Actually, Goessel said that director Allan Dwan brought the project to him in late 1921, and he had to work hard to convince Fairbanks to make it instead of The Virginian (p.281-2). Dwan began by having an impromptu archery contest near where Fairbanks was working. Because he loved anything athletic, Doug wanted to learn how to shoot a bow and gave it a try. Dwan showed him and explained the nifty tricks he could do with it, then he said “That’s Robin Hood…That’s the guy we want you interested in.” Fairbanks replied: “I don’t know. I don’t want to have anything to do with it.” Later he got the idea of combining his interest in the Crusades with the Robin Hood myth. After he got talked out of playing Richard the Lionheart instead of Robin, they were on their way to making great big hit that was also a critical success.

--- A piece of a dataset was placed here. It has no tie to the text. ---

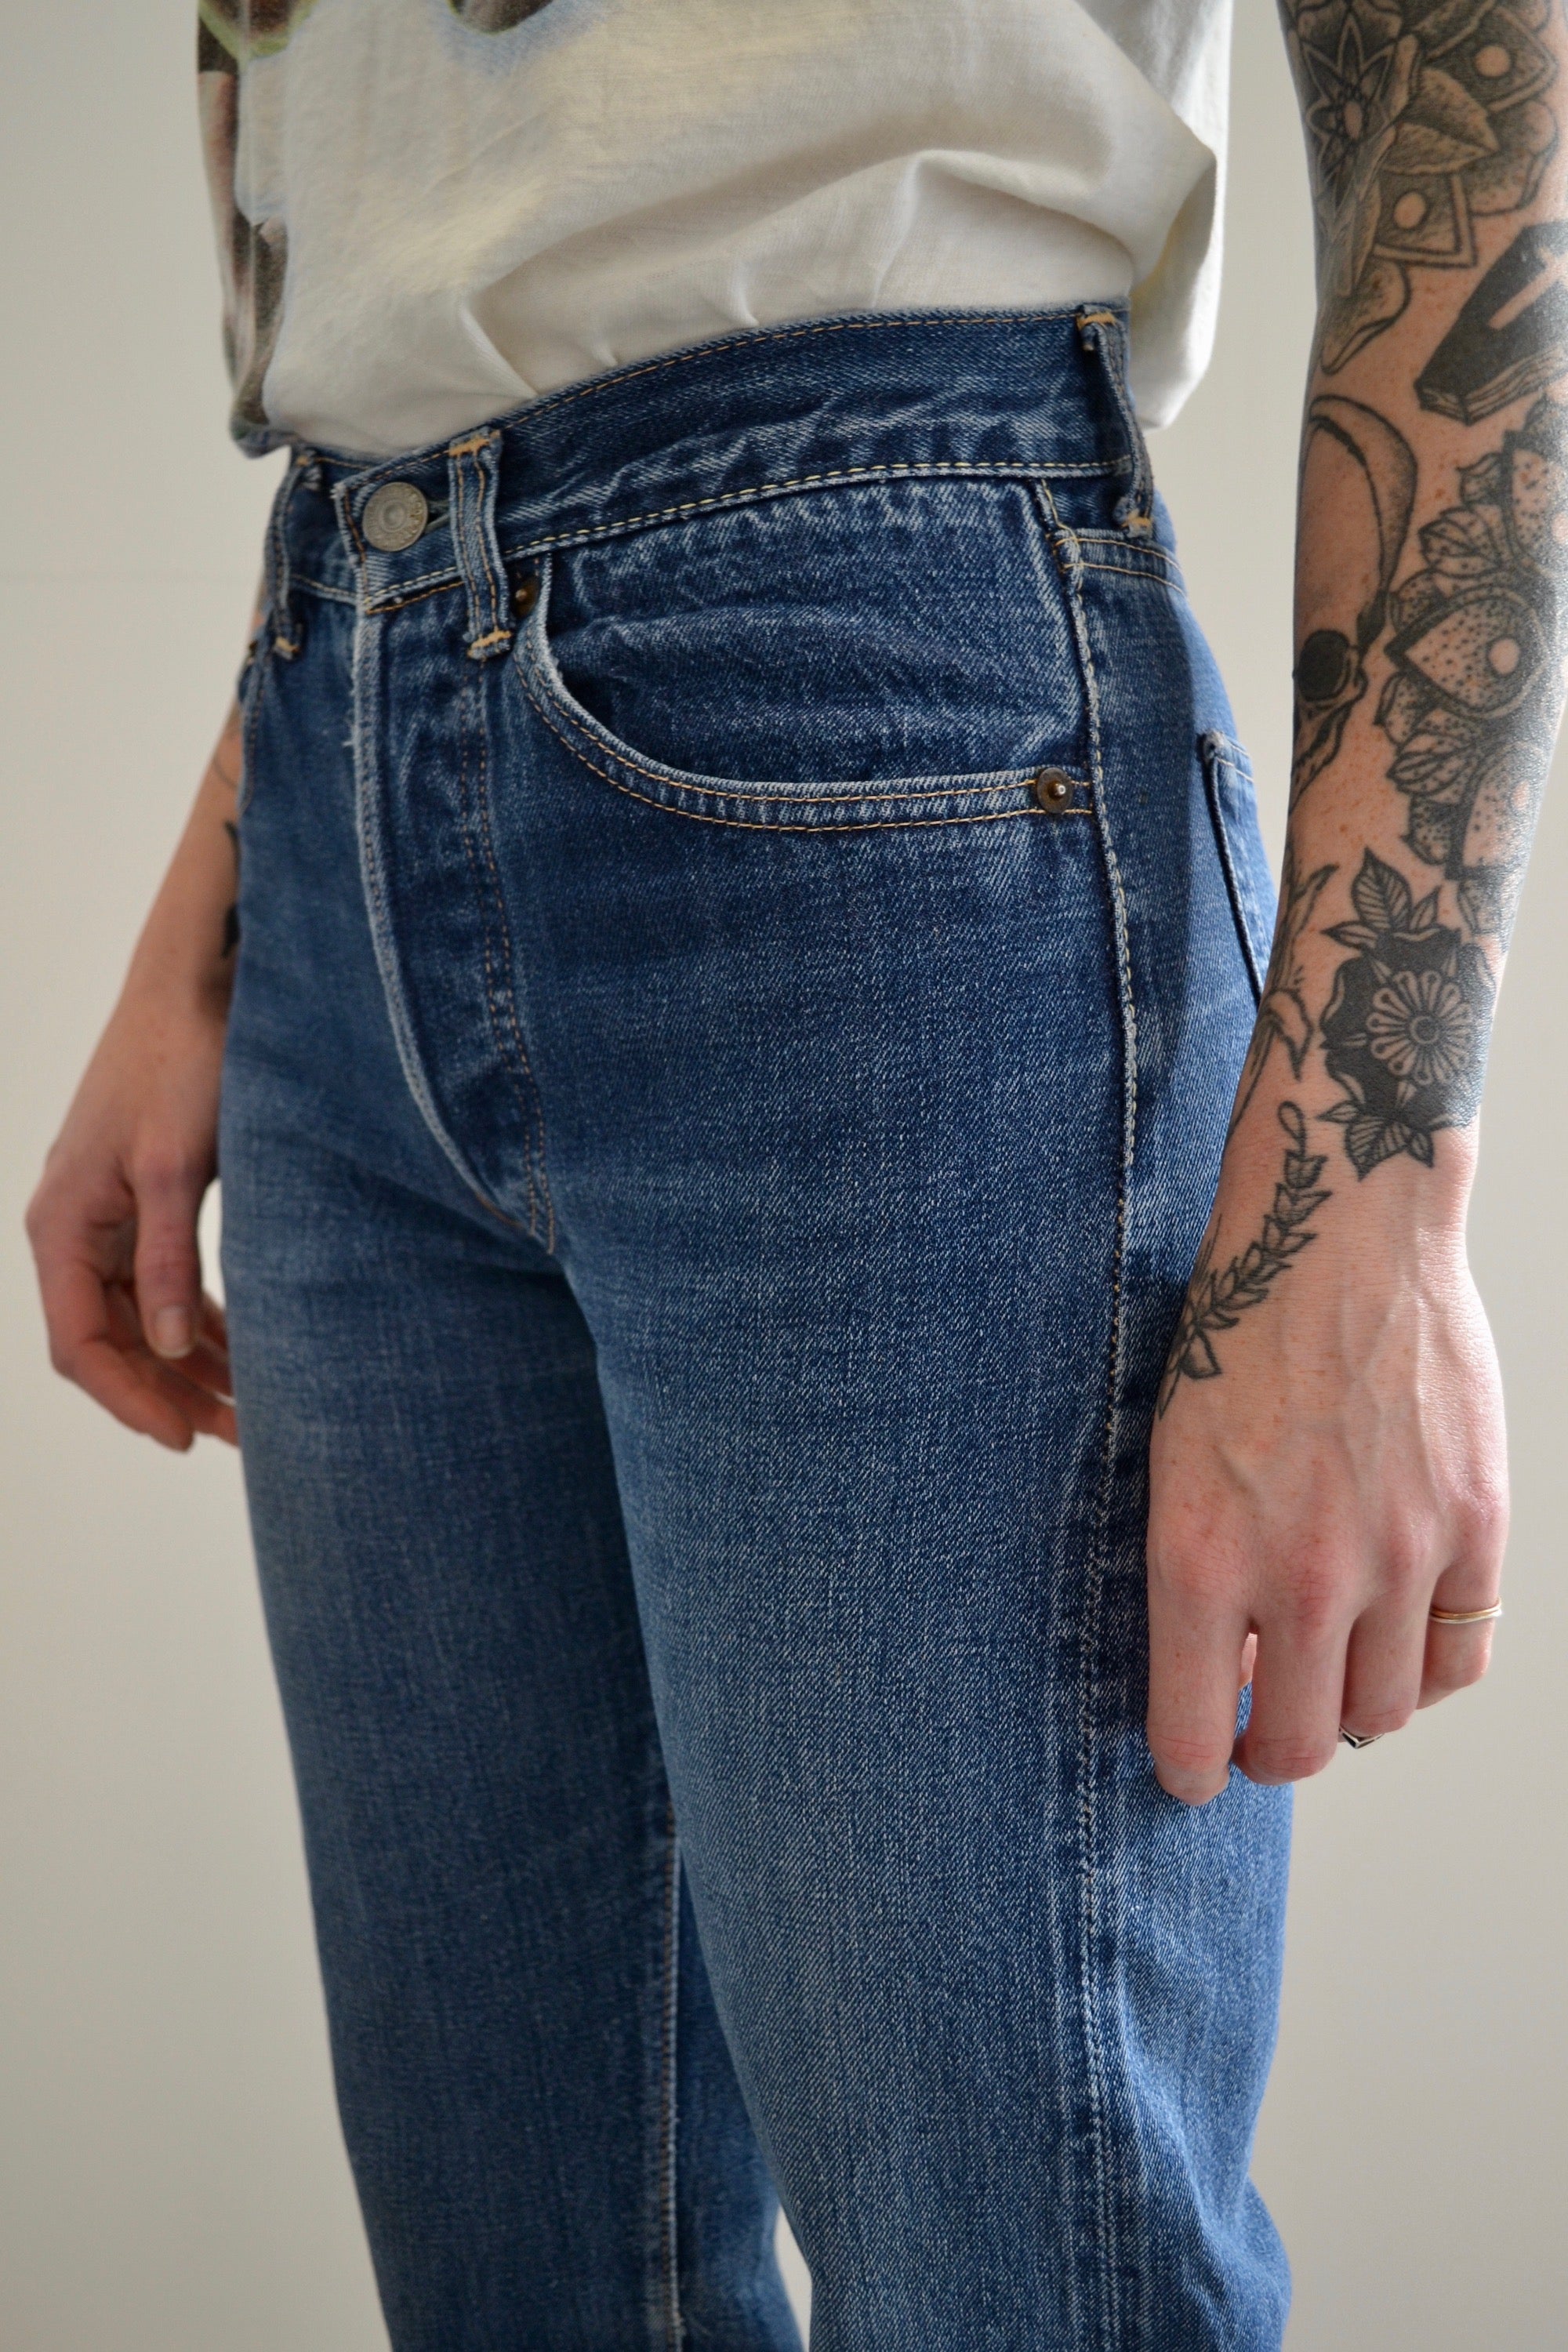 Early 1960's Levis Big E Hidden Rivet Selvedge Jeans

At least we learned that the story crossed his mind in 1920, and that people had time to shoot the breeze on film sets then.

When Fairbanks and company went to the Mason, they got to see a very good show. The version of Robin Hood that inspired the conversation was a light opera in the style of Gilbert and Sullivan by Reginald de Koven and Harry B. Smith that had debuted in 1890 and was revived several times since then. Kingsley herself went on Monday along with “a house full of enthusiastic music lovers,” and her review was glowing:
Robin Hood itself is imagination and fine music, the letting us into a joyous mimic world, which makes a joke of life, and yet retains the semblance of artistic dignity from which the latter day jazz has cut us entirely off, and Robin Hood, as sung by the Ralph Dunbar Company, is a production of superior beauty and quality. There’s a really gloriously-voiced chorus of men and women who add incalculably to the charm of the piece, and the old romantic tale of the dashing bandit of middle ages, whose exploits were subject of song even in his own day, fitted to the composer’s brilliant and melodious numbers, was played in a fashion to rival the old Bostonian production in its best days.

Kingsley reported on another conversation, this one from the set of the recently opened So Long Letty. Colleen Moore asked co-star Walter Hiers about his thoughts on dieting:
“Don’t believe in it.” replied Hiers. “Ethically, morally and physically it’s wrong. Besides, directors take my figure into consideration when they cast me for a picture. Anyhow, dieting’s all bosh.”
“I’m on a diet,” the winsome Miss Moore informed him. “My doctor was very strict in giving me my orders. He insists that every day I eat candy, cream puffs, all kinds of pastries, lots of sweet stuff—”
“Say,” Hiers interrupted, ”where’s that doctor’s office?”
Who knew: I’m on the Colleen Moore diet! Enjoy your leftover Thanksgiving pie and you can be, too.
Tracey Goessel, The First King of Hollywood, Chicago Review Press, 2016.